According to the court document filed in the District of New Jersey, LockBit made at least $100 million in ransom demands and extracted tens of millions of dollars in actual ransom payments from victims. It states that the US Federal Police (FBI) started investigating LockBit around March 2020.

Ransomware is a type of malware used by cybercriminals to encrypt data stored on a victim’s computer to make it inaccessible or unusable, transmit that data to a remote computer, or both. After a ransomware attack, the perpetrators usually demand a ransom from the victim and threaten to publish the stolen data, sell it or prevent access if the money is not paid.

“In many instances, LockBit perpetrators have posted highly confidential and sensitive data stolen from LockBit victims on a publicly accessible website under their ownership and control,” FBI agent Matthew Haddad wrote in the criminal complaint. . In this way, LockBit has become one of the most active and destructive ransomware variants in the world.”

Mr. Vasiliev faces a maximum of five years in prison if convicted. He has been identified as an alleged member of the LockBit conspiracy. No contact information for Mr. Vasiliev’s legal representatives was immediately available Thursday.

The criminal complaint against Mr Vasiliev says Canadian police searched his Bradford home in August, where they discovered a file containing a list of alleged or previous victims of cybercrime.

Documents showed that the search also uncovered screenshots of messages discussing topics related to the LockBit campaign, a text file containing instructions for deploying a LockBit program against a computer, as well as user names and passwords for various platforms owned by employees of a Canadian LockBit victim.

The complaint reveals that Mr. Vasiliev’s home was again raided on October 26 and that upon entering, “Canadian law enforcement discovered Mr.

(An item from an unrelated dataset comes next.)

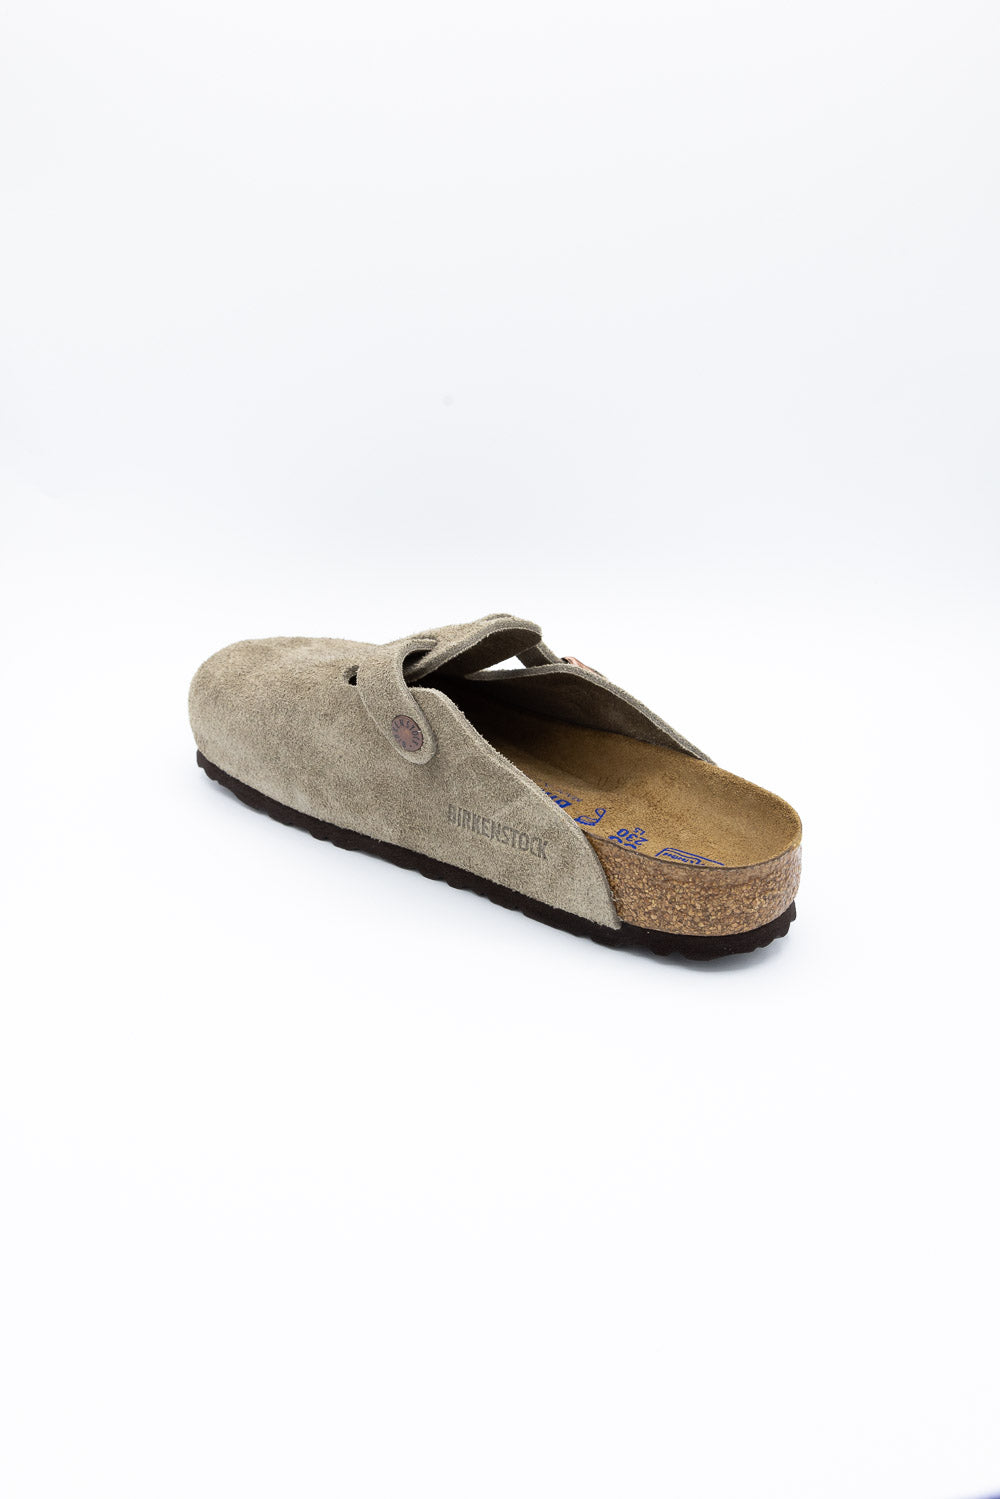 Boston Soft Footbed Suede Leather Clogs for Women in Taupe – Glik's
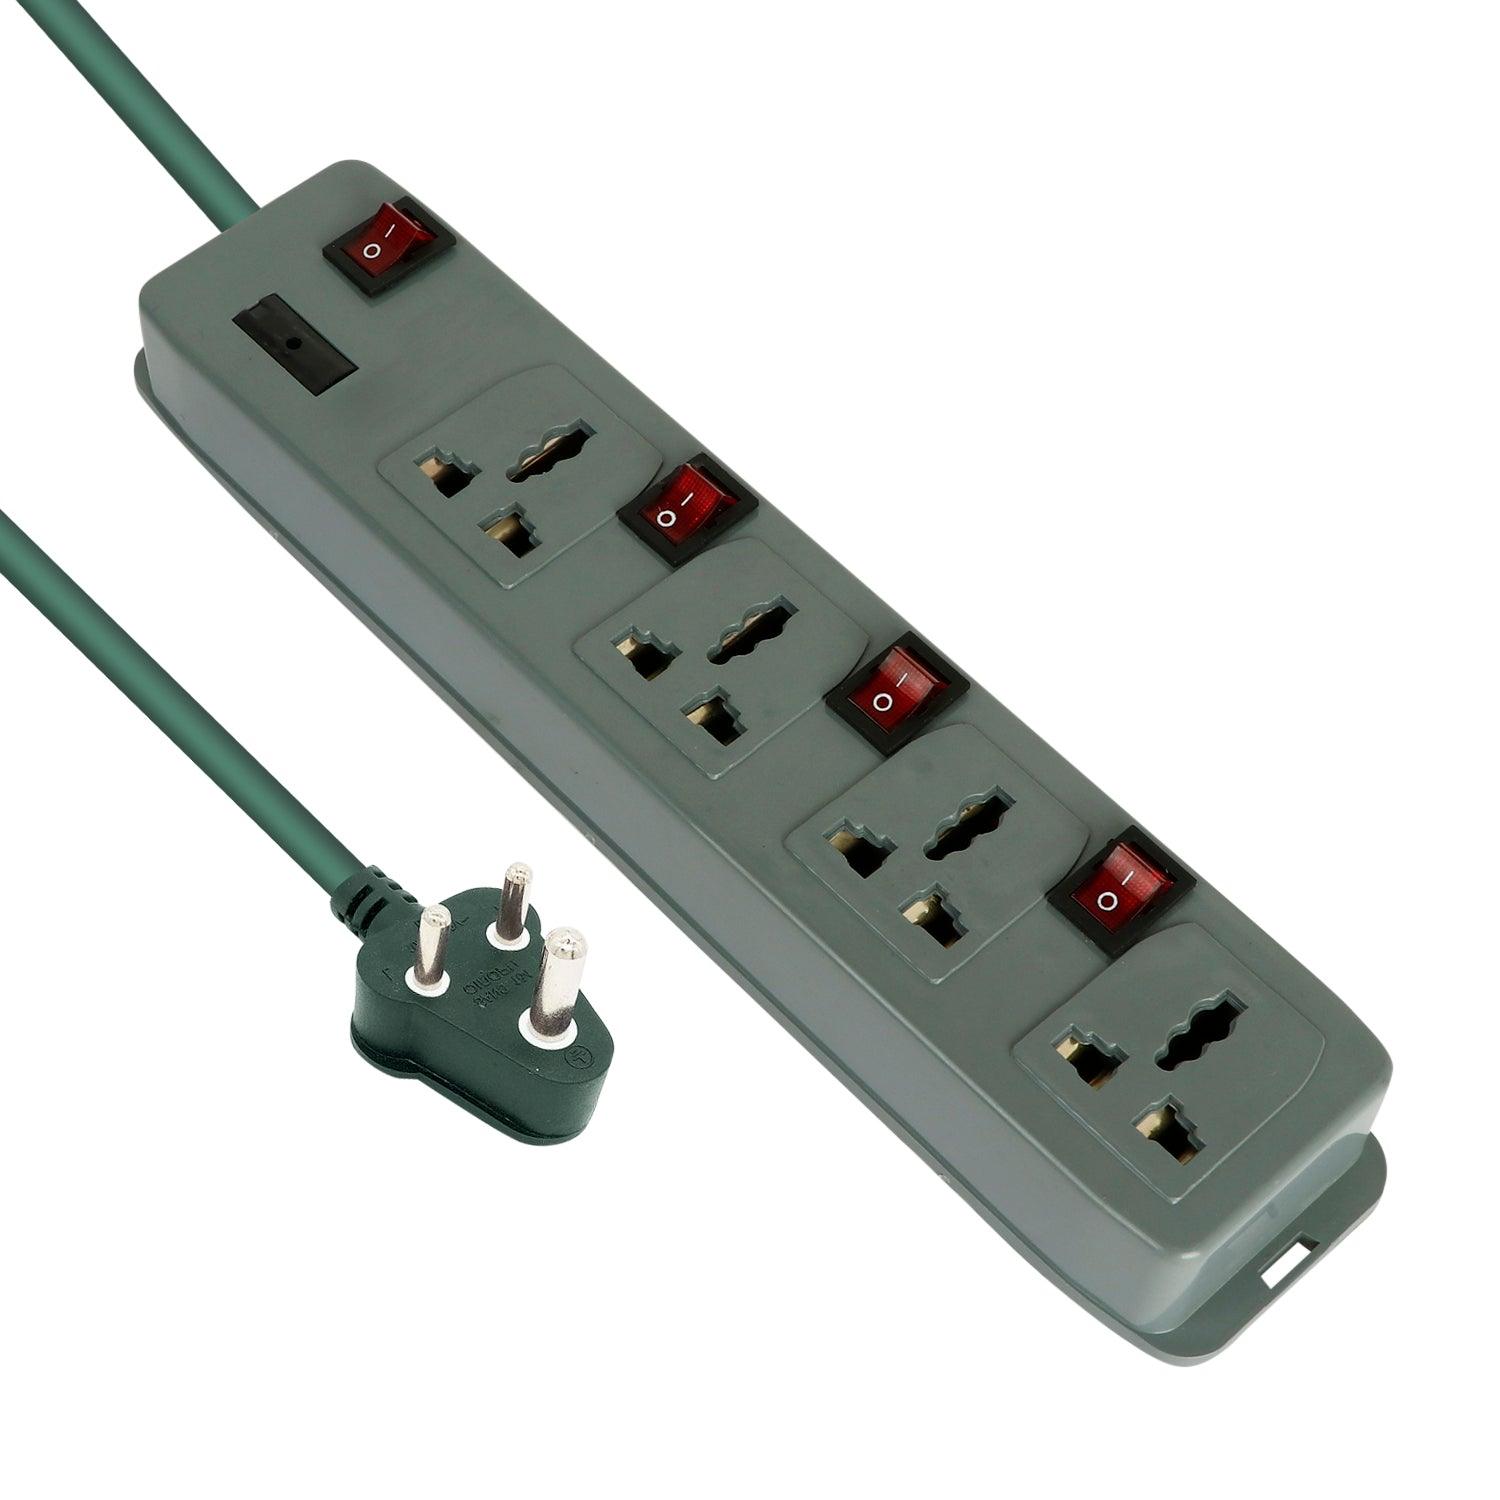 FEDUS Switch Board Extension Cords with Long Wire for Computer, Surge Protectors Spike Buster - FEDUS

Vasiliev sitting at a table in the garage with a laptop computer, which ‘he couldn’t lock before he was overpowered’.

Investigators found several open tabs on the laptop, including one pointing to a site named “LockBit LOGIN” with a LockBit logo and a login screen hosted on an invisible web domain, the document said.

Canadian law enforcement also allegedly found a Bitcoin-type cryptocurrency wallet address at Mr. Vasiliev’s home during the October search, which led them to discover that the wallet had received payment by Bitcoin to from funds derived from a ransom payment made six hours earlier by a confirmed LockBit victim.

Assistant U.S. Attorney General Lisa Monaco said the arrest was the result of more than two and a half years of investigation into LockBit and more than a decade of FBI agent experience, Justice Department prosecutors and international partners in dismantling cyber threats.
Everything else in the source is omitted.